Obfuscation Handling
ProGuard and R8 obfuscation present significant challenges for reverse engineering. The skill employs several strategies to work through obfuscated code:
String Literal Anchoring: URLs, error messages, and format strings are typically not obfuscated. The skill uses these as anchor points to understand surrounding code context.
Annotation Preservation: Retrofit annotations are preserved by default ProGuard rules because they are needed at runtime. This means @GET("/api/users") remains readable even when the method name becomes a.
Pattern Recognition: Even with renamed identifiers, the structural patterns of common architectures (MVVM, MVP, MVC) are recognizable. The skill identifies these patterns to reconstruct the application’s architecture.
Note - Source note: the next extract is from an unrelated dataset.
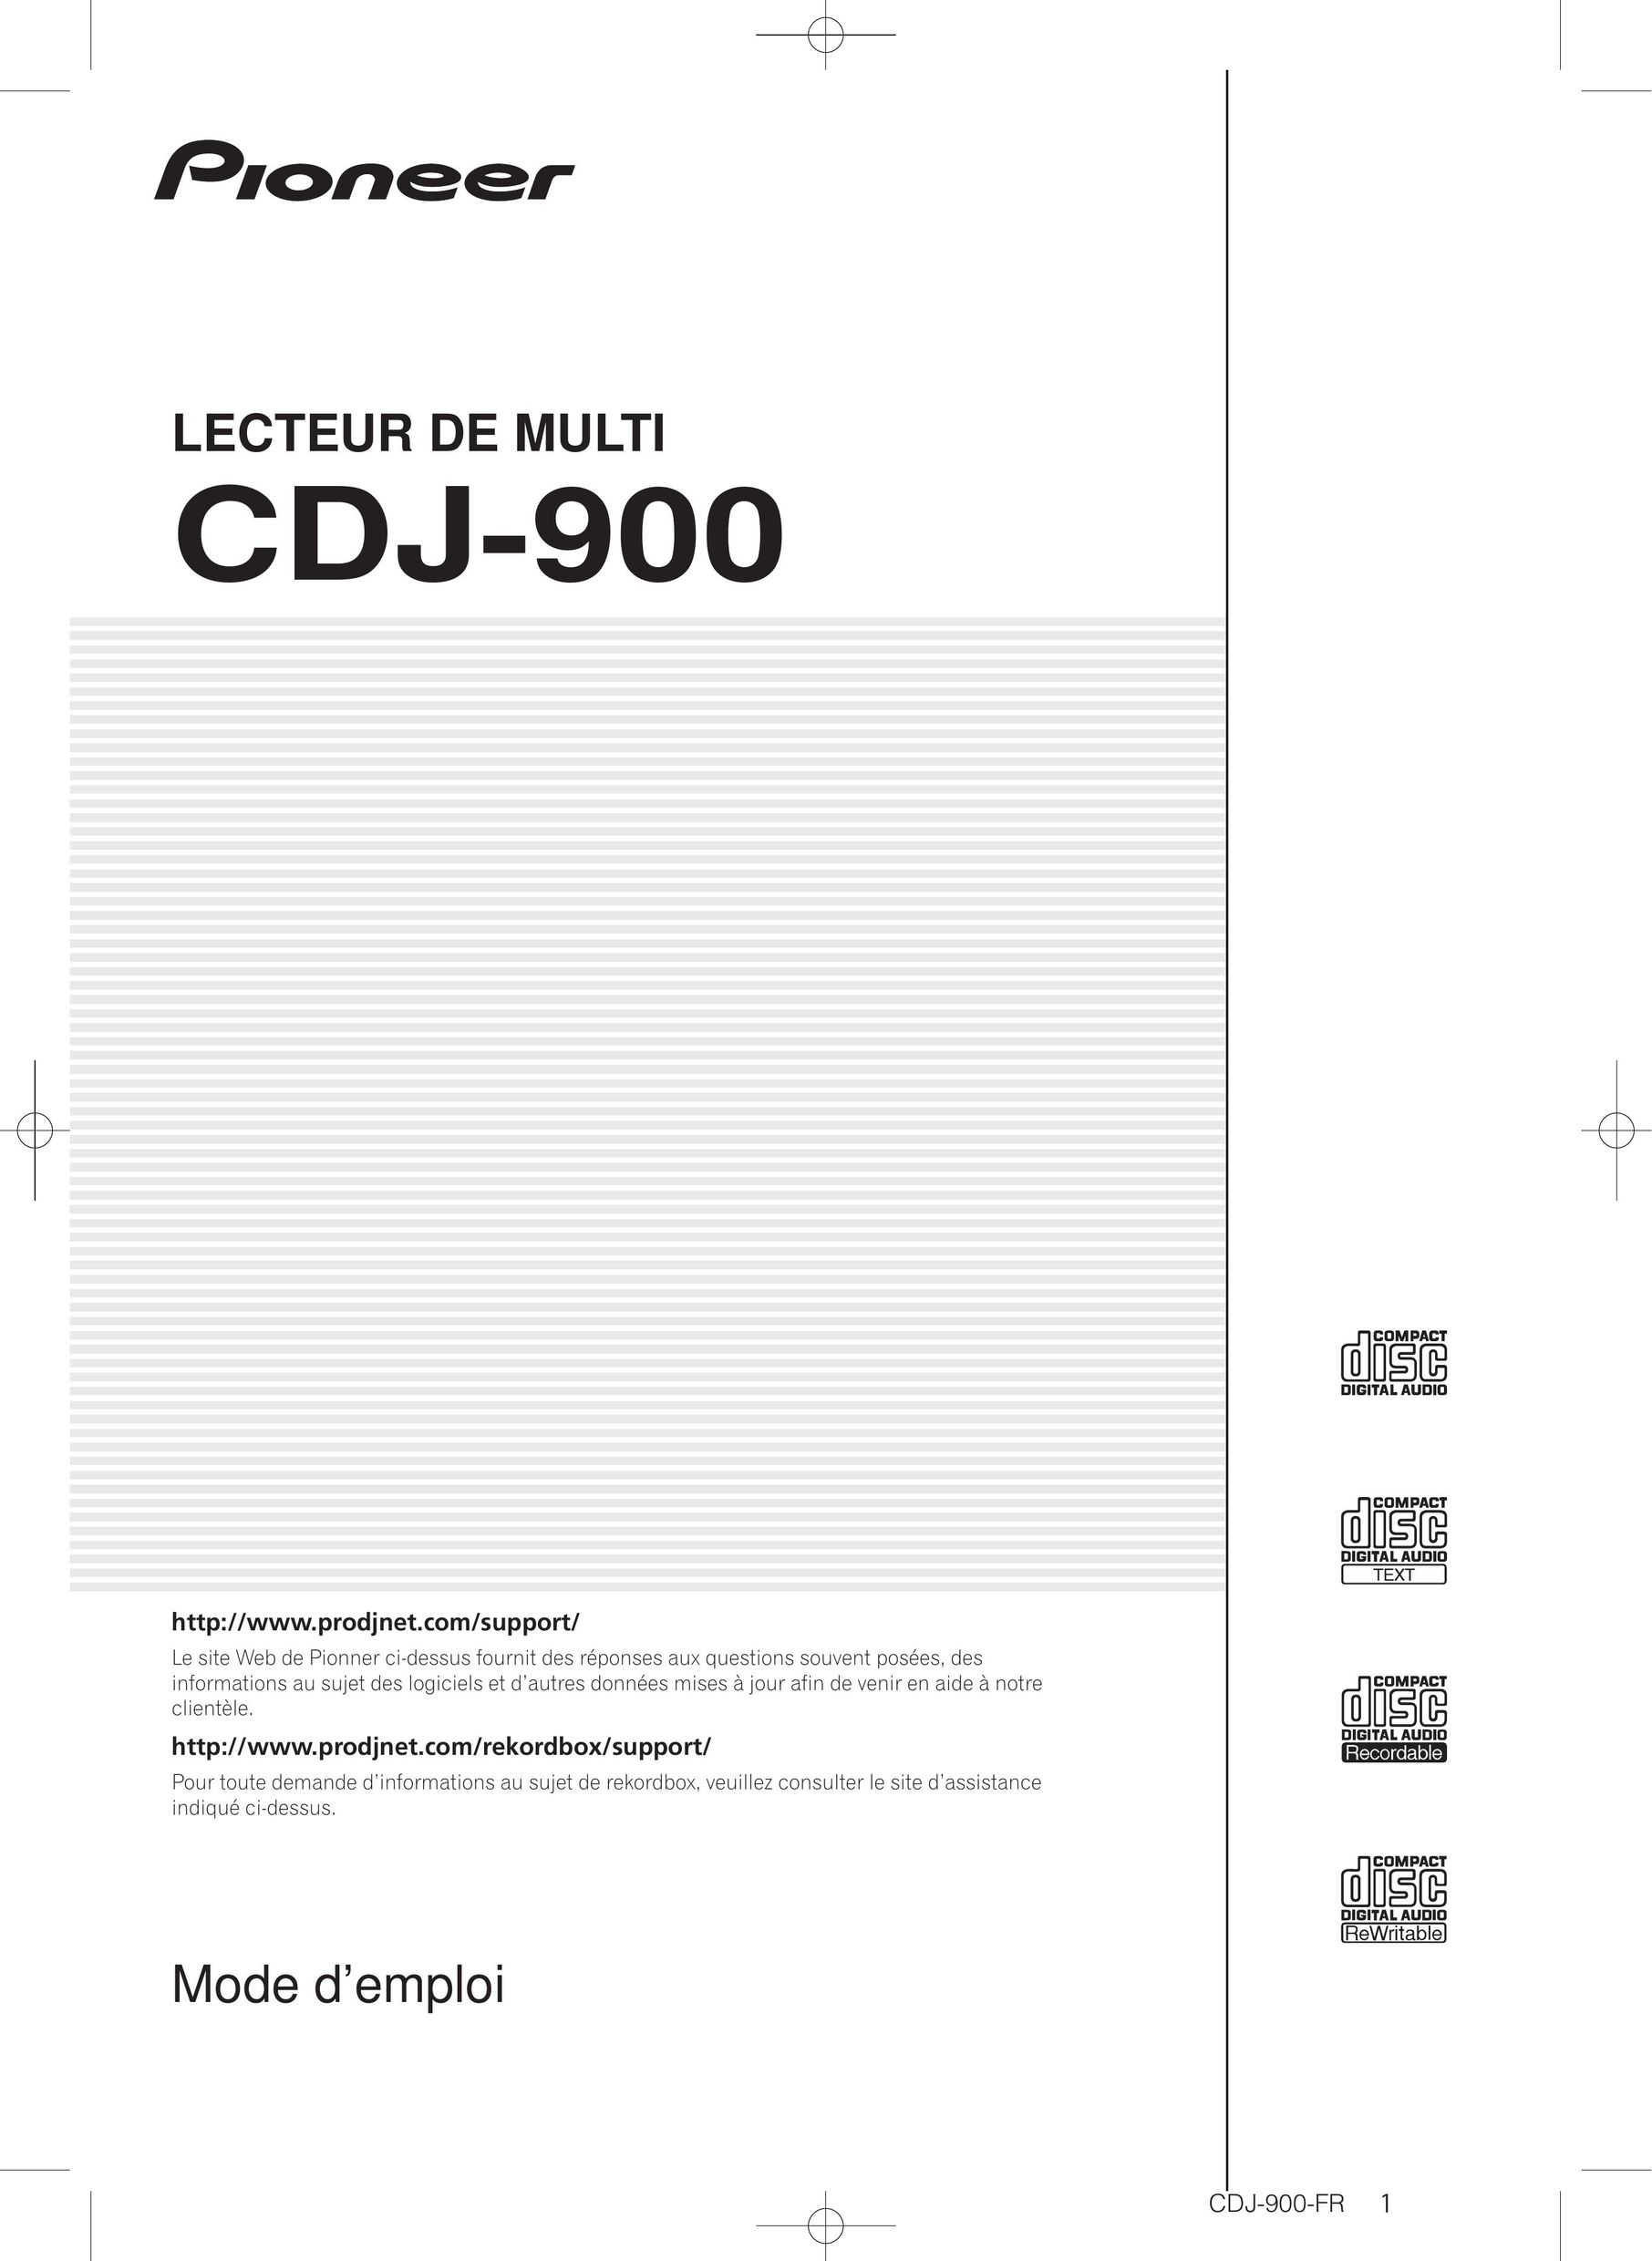 Pioneer CDJ-900 CD Player User Manual

Call Graph Analysis: By tracing the call graph from known entry points (Activities declared in the manifest), the skill can follow execution paths through obfuscated code to reach the network layer, where API endpoints are typically preserved.
Conclusion
The Android Reverse Engineering Skill for Claude Code transforms the complex, multi-tool process of decompiling Android applications and extracting their API endpoints into a streamlined, automated workflow. By packaging jadx and Fernflower decompilation, library-specific API detection, call flow tracing, and obfuscation handling into a single skill, it eliminates the need to manually chain commands and correlate results across different tools.
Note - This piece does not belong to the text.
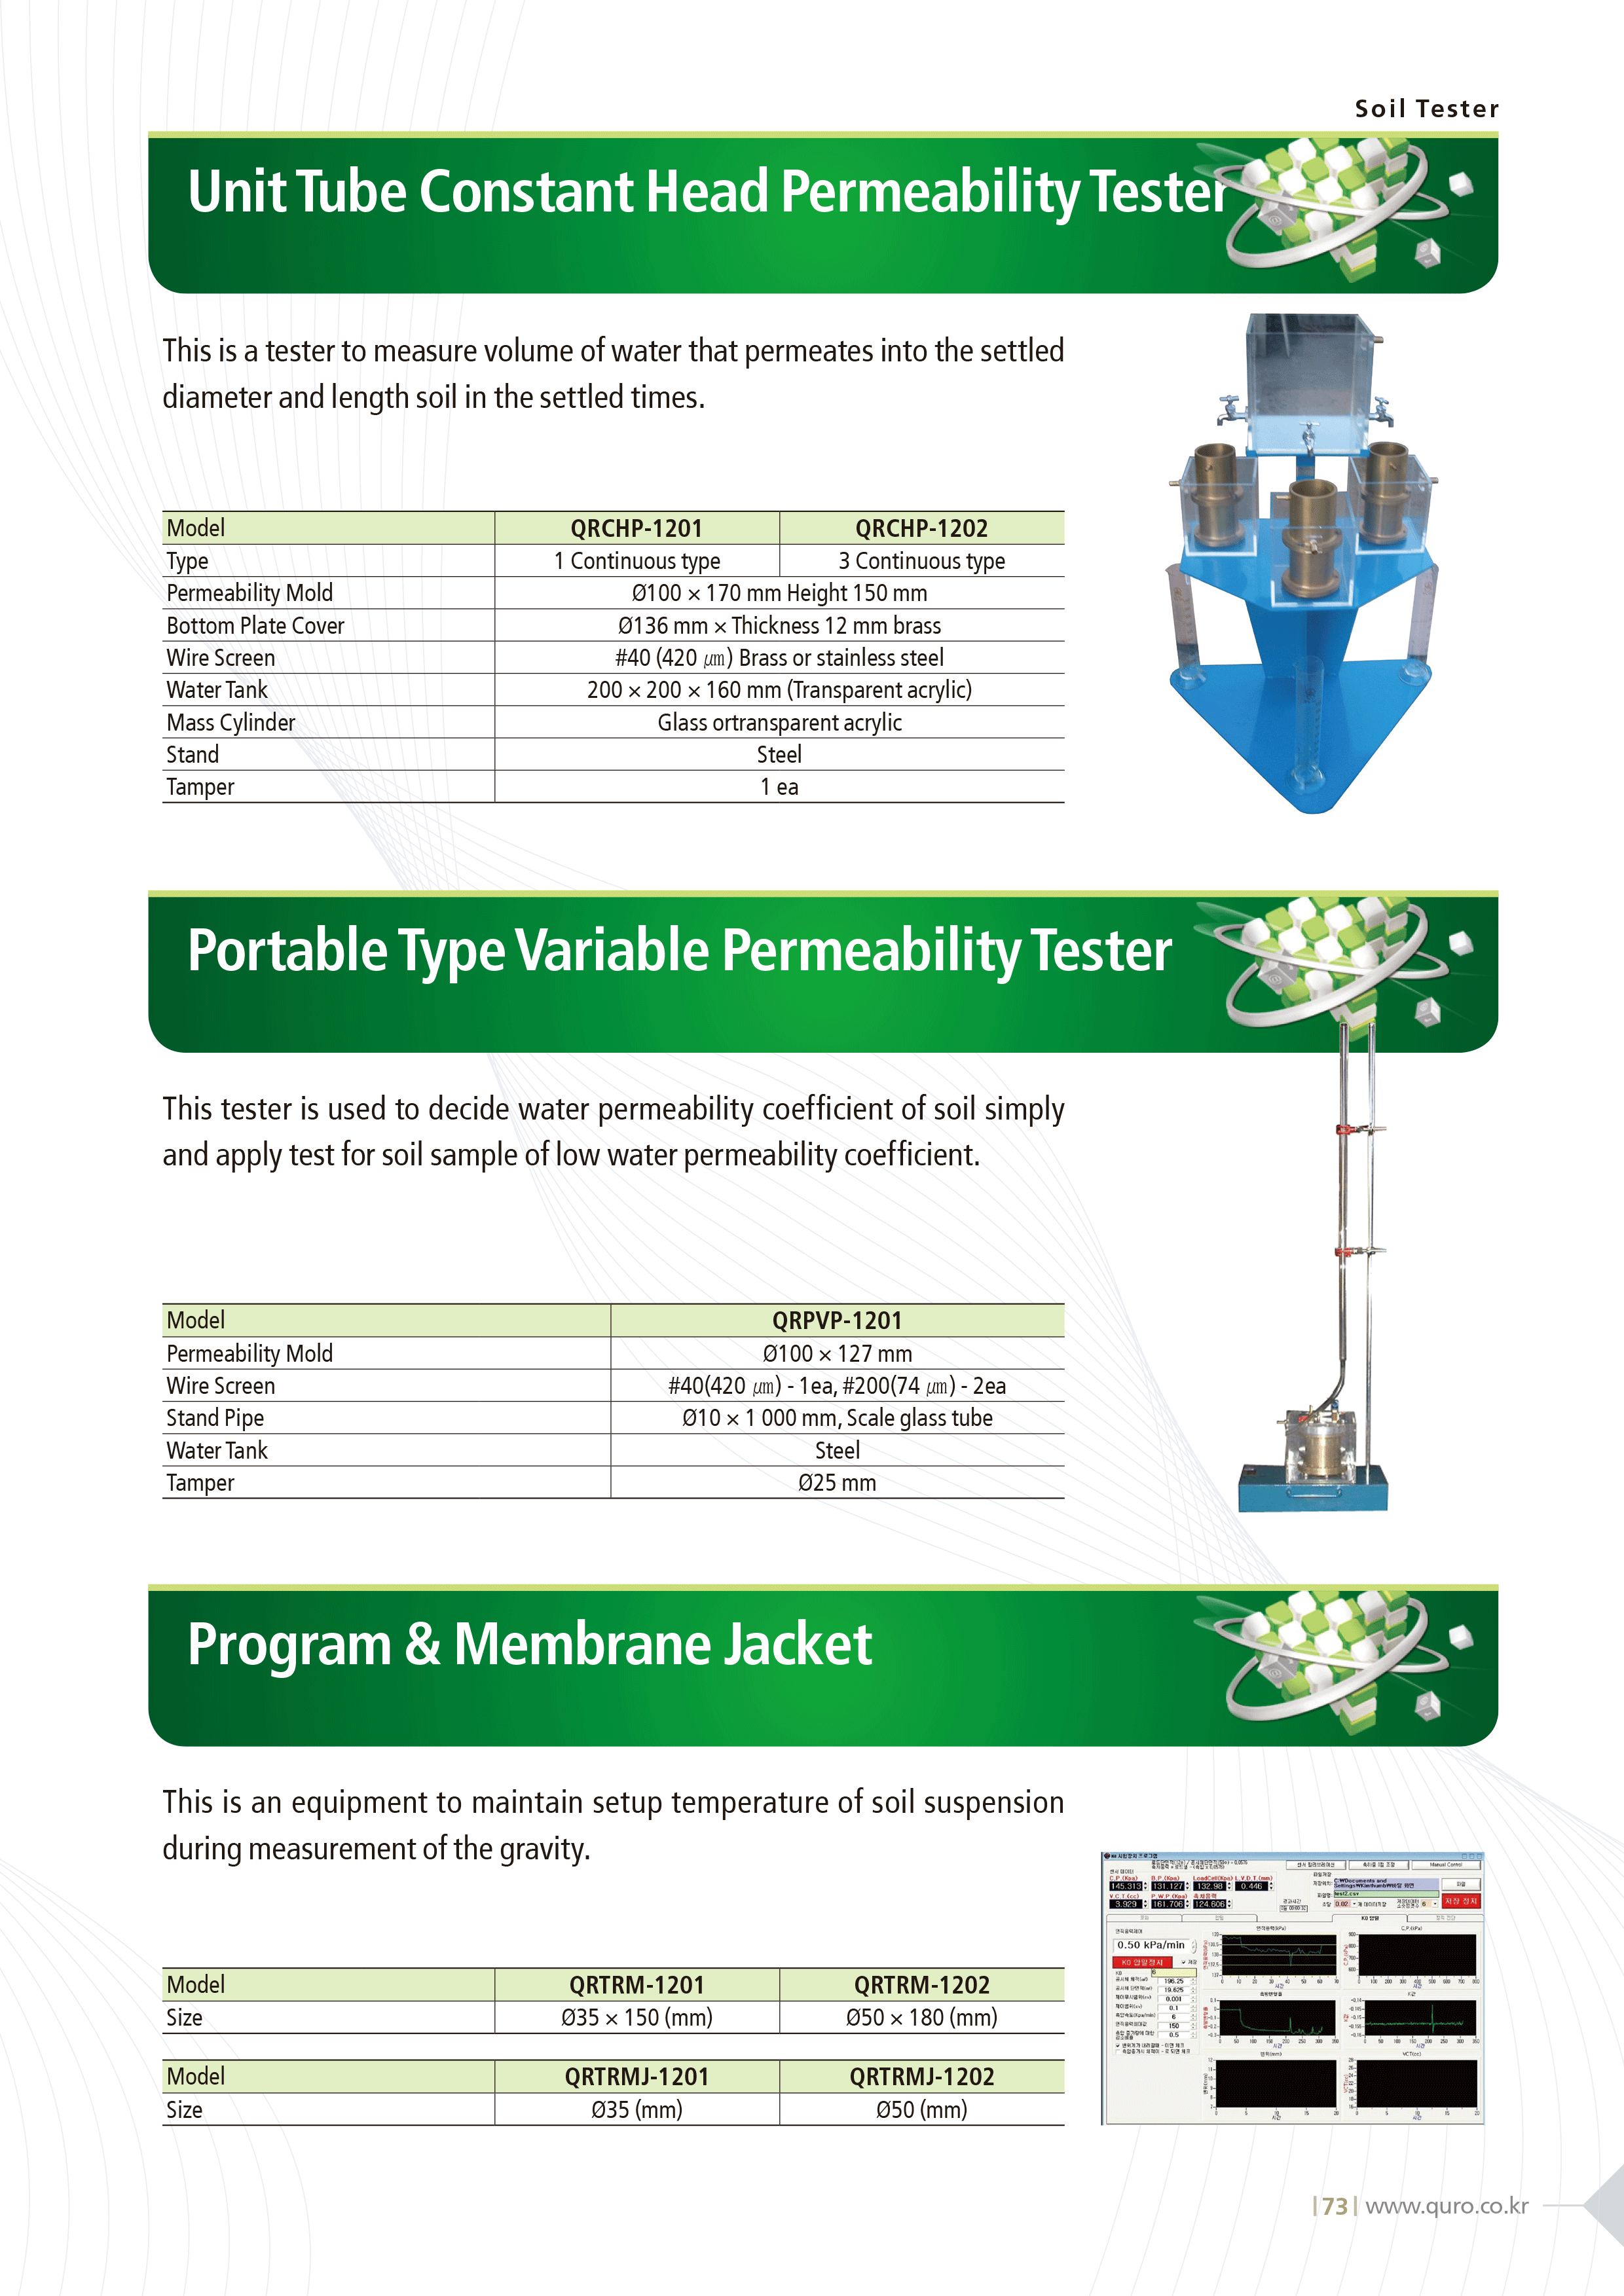 Program_Membrane_Jacket.gif

Whether you are conducting a security audit, documenting an undocumented API, analyzing a competitor’s mobile app, or integrating with a service that lacks public API documentation, this skill provides the systematic approach needed to extract meaningful information from compiled Android packages. The dual-engine comparison, XAPK bundle support, and obfuscation handling strategies make it suitable for real-world applications that use modern Android development practices.
The skill is open source under the Apache 2.0 license and available on GitHub at SimoneAvogadro/android-reverse-engineering-skill.